*** Opening Material to process ***
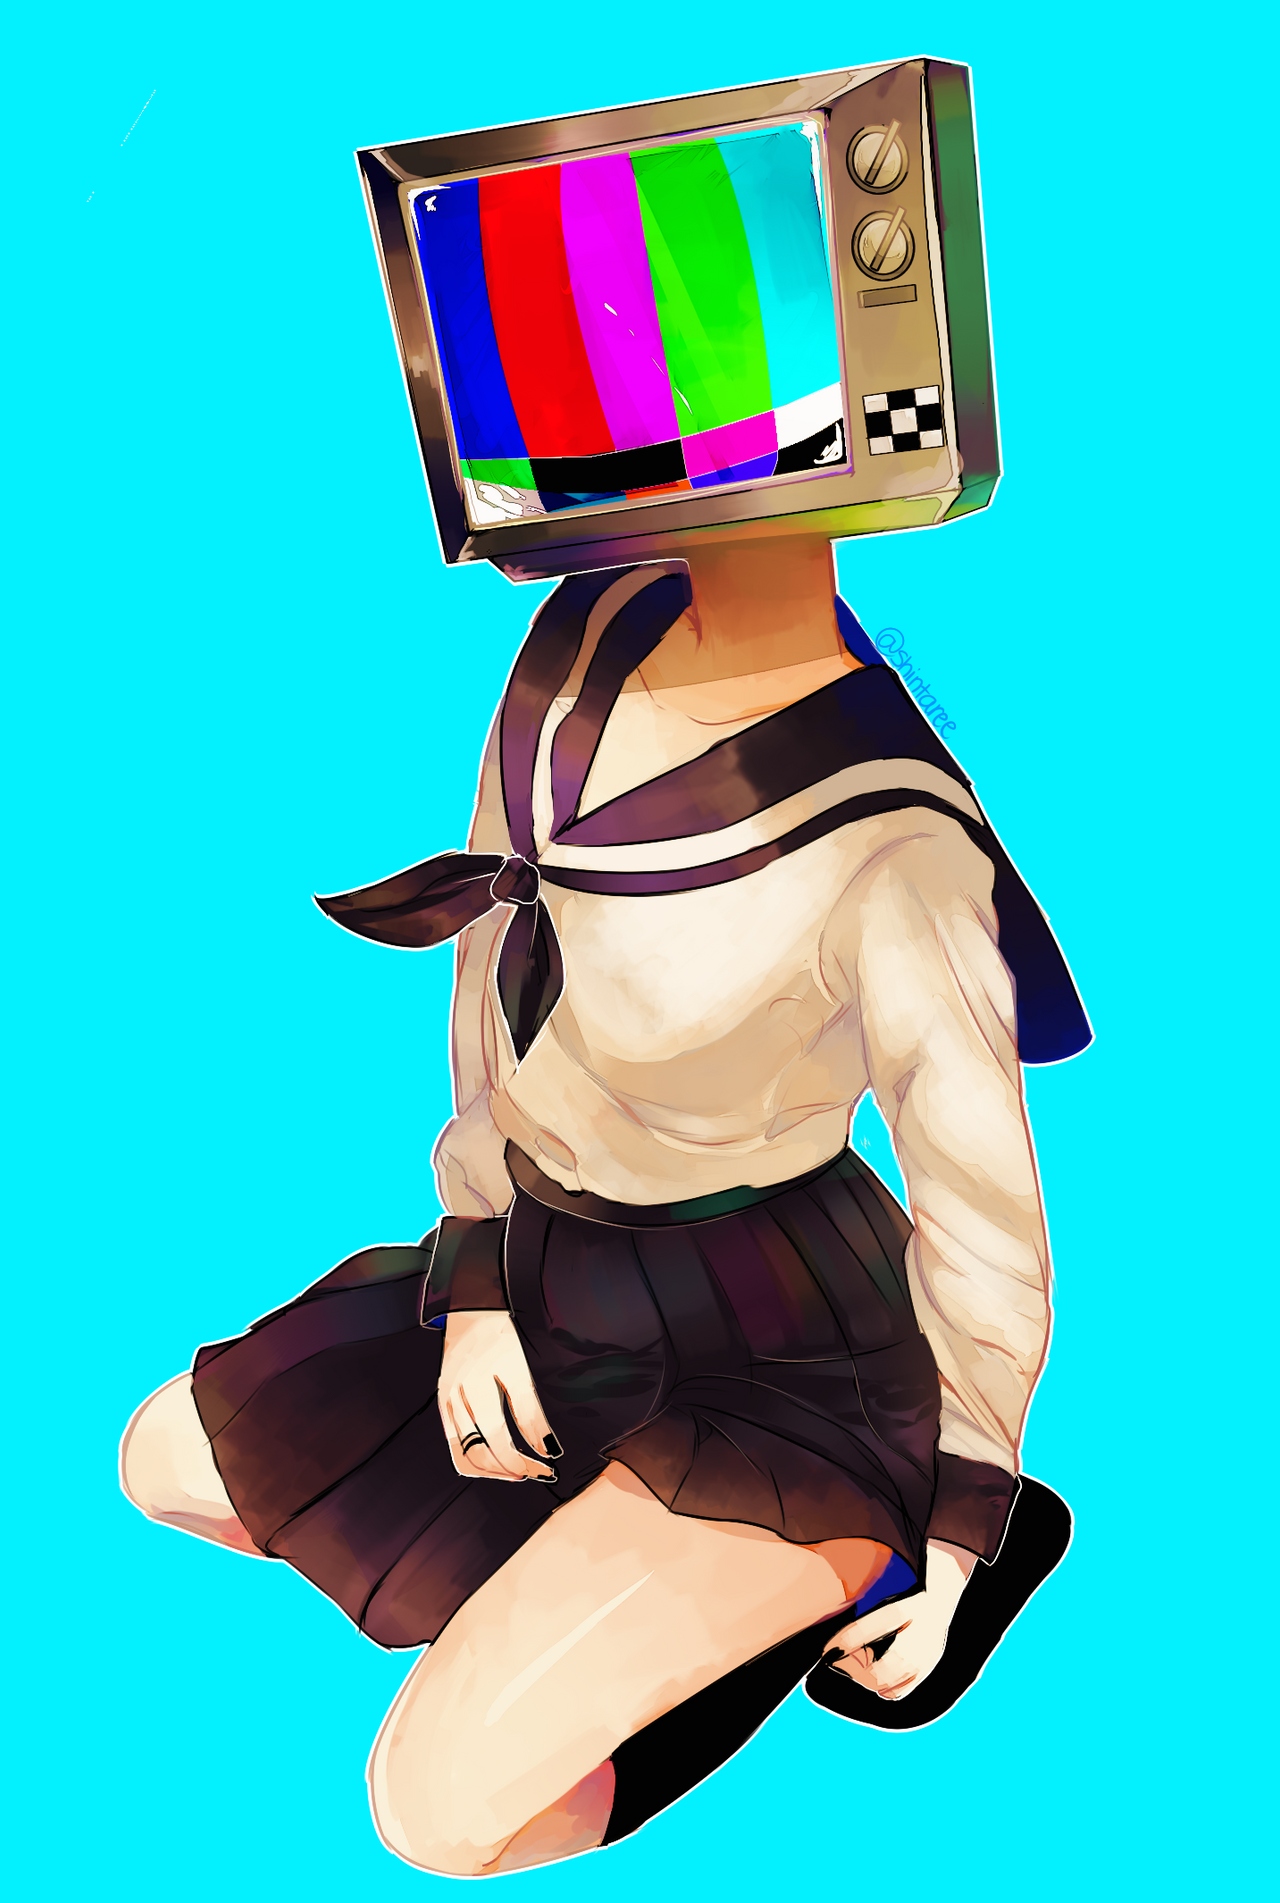 Телевизор вместо головы. Персонаж с телевизором на голове. Девочка с теликом на голове. Человек с головой телевизора.
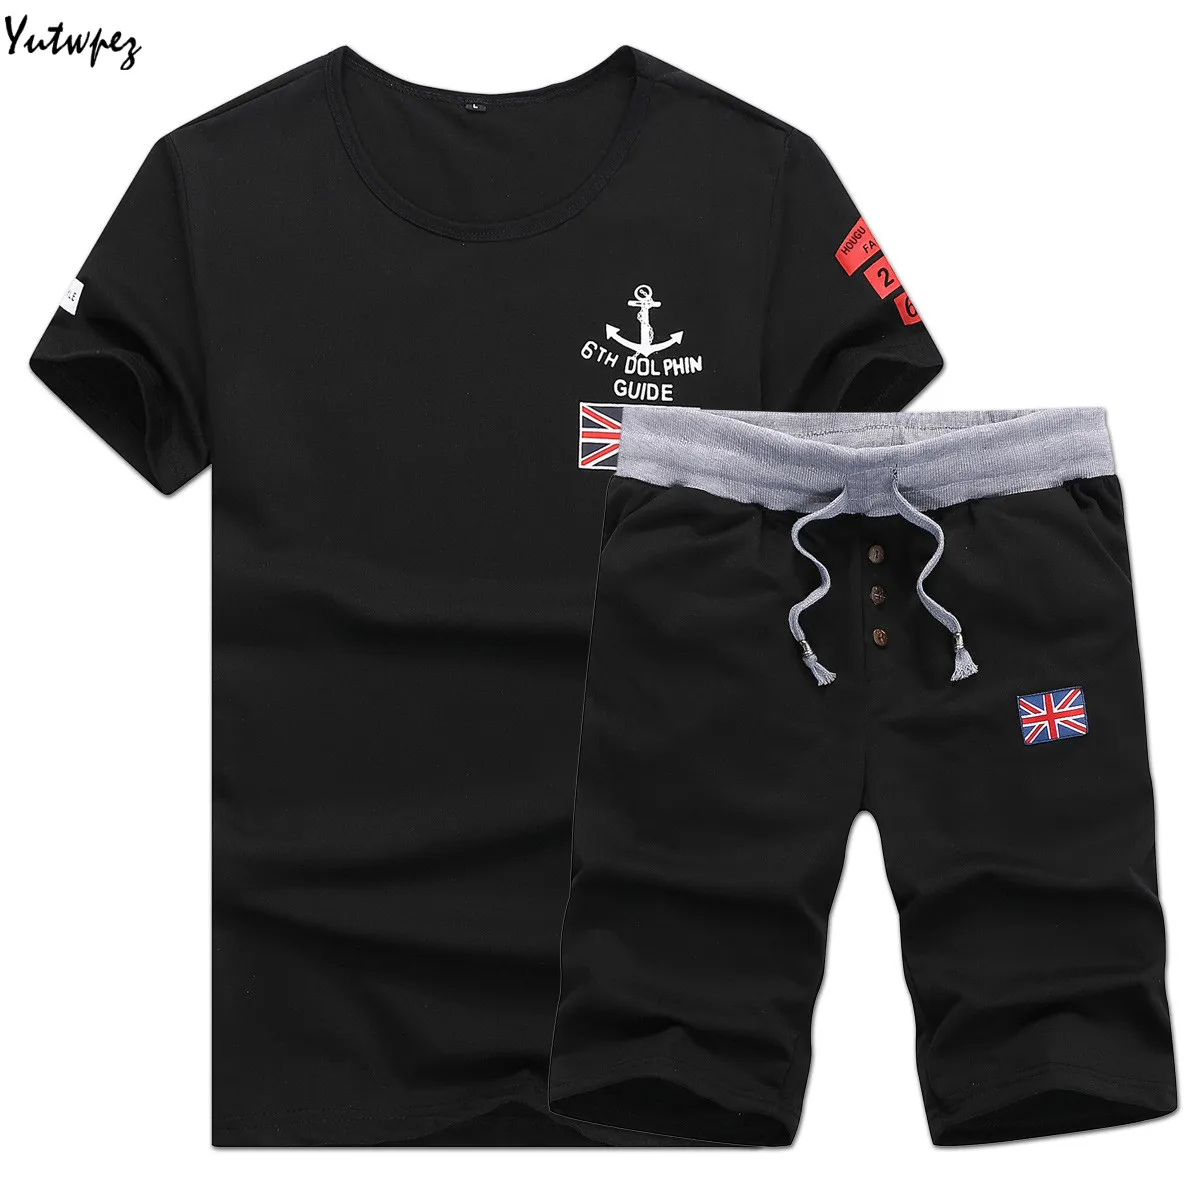 Yutwpez лето для мужчин комплект футболки с коротким рукавом из двух предметов Топы Корректирующие+ шорты для женщин Костюм спортивный
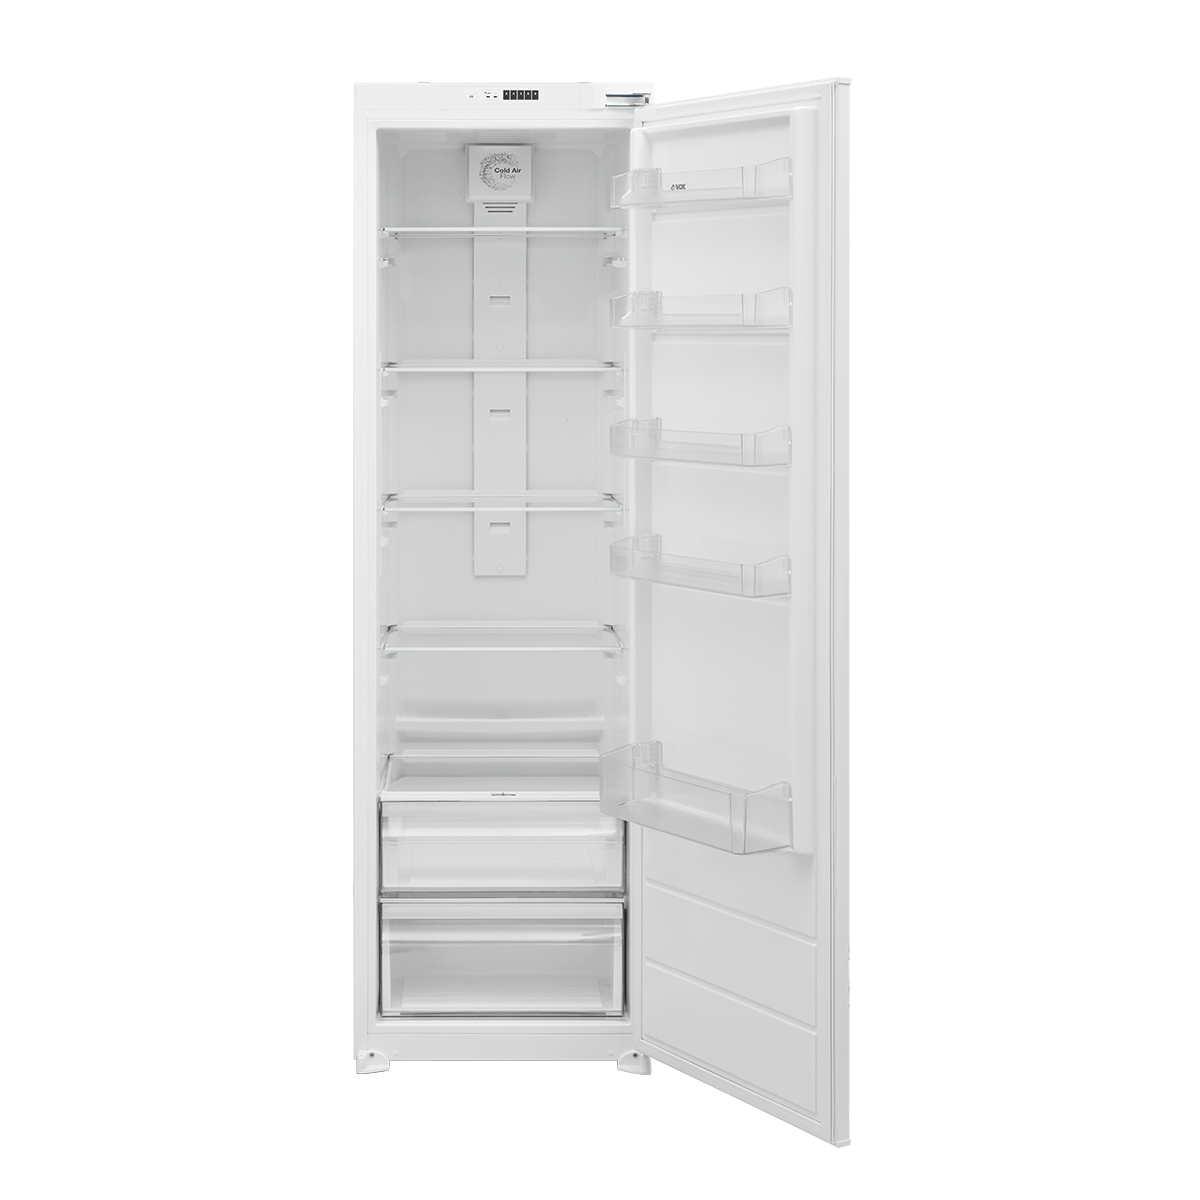 Built-in refrigerator IKS 2790 F 
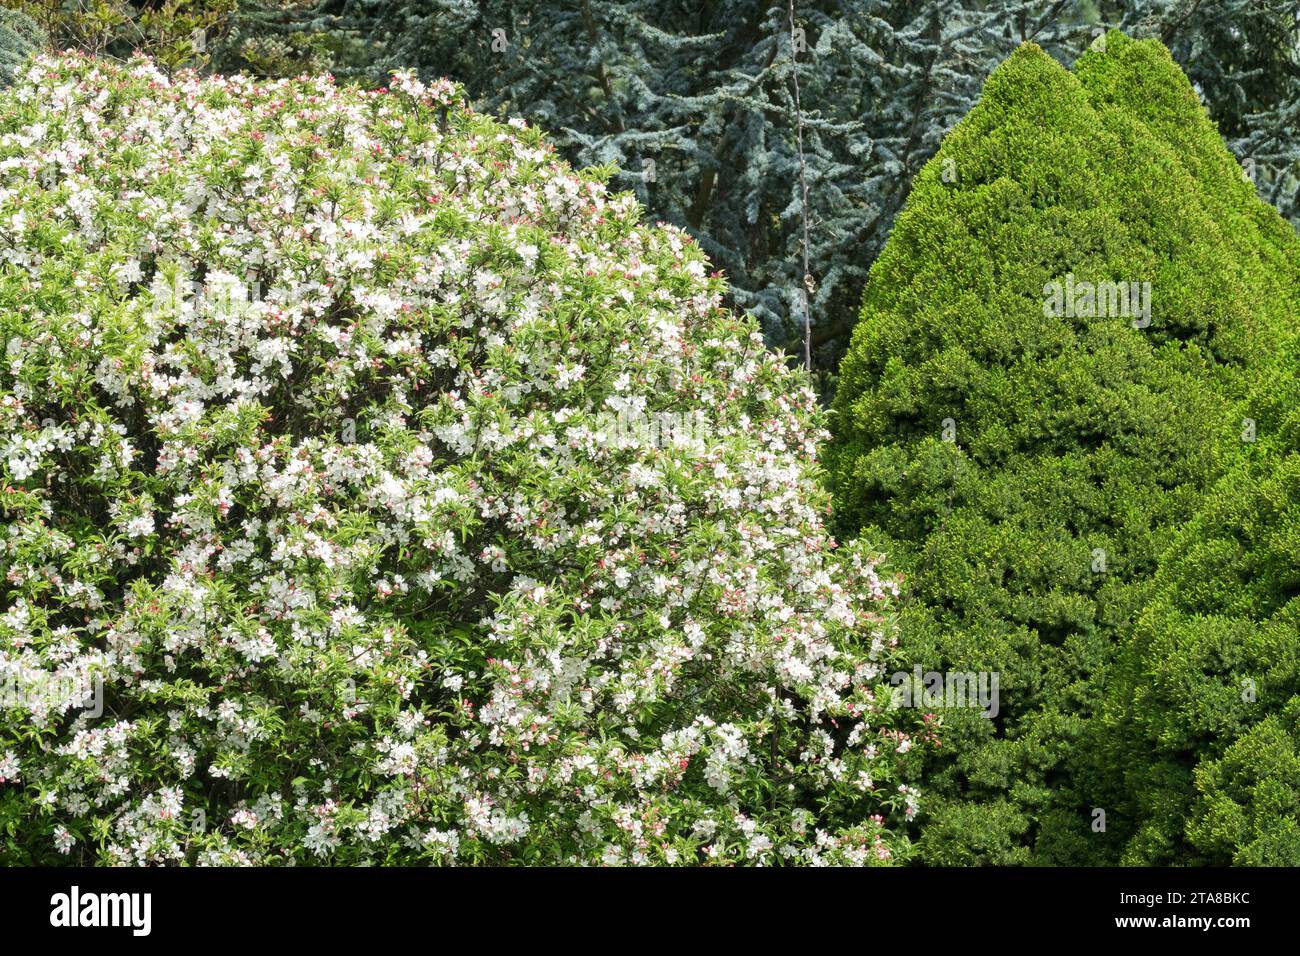 Globe shape Malus 'Pomzai' and Picea glauca 'Conica' in spring garden Stock Photo
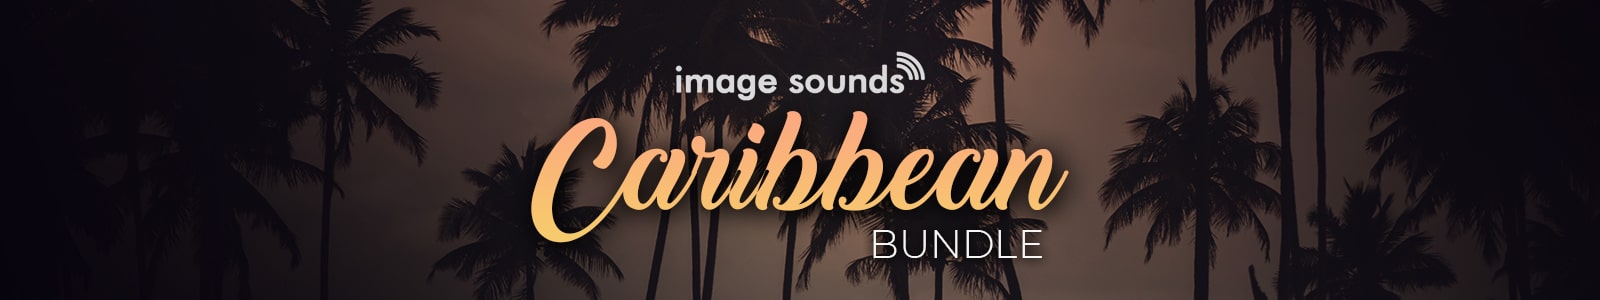 Caribbean Bundle by Image Sounds
*** Closing Material to process ***
Requirement
Excluding the pictures, restate the records above word for word.

Exercise response
 Телевизор вместо головы. Персонаж с телевизором на голове. Девочка с теликом на голове. Человек с головой телевизора.
 Yutwpez лето для мужчин комплект футболки с коротким рукавом из двух предметов Топы Корректирующие+ шорты для женщин Костюм спортивный
 Built-in refrigerator IKS 2790 F 
 Globe shape Malus 'Pomzai' and Picea glauca 'Conica' in spring garden Stock Photo
 Caribbean Bundle by Image Sounds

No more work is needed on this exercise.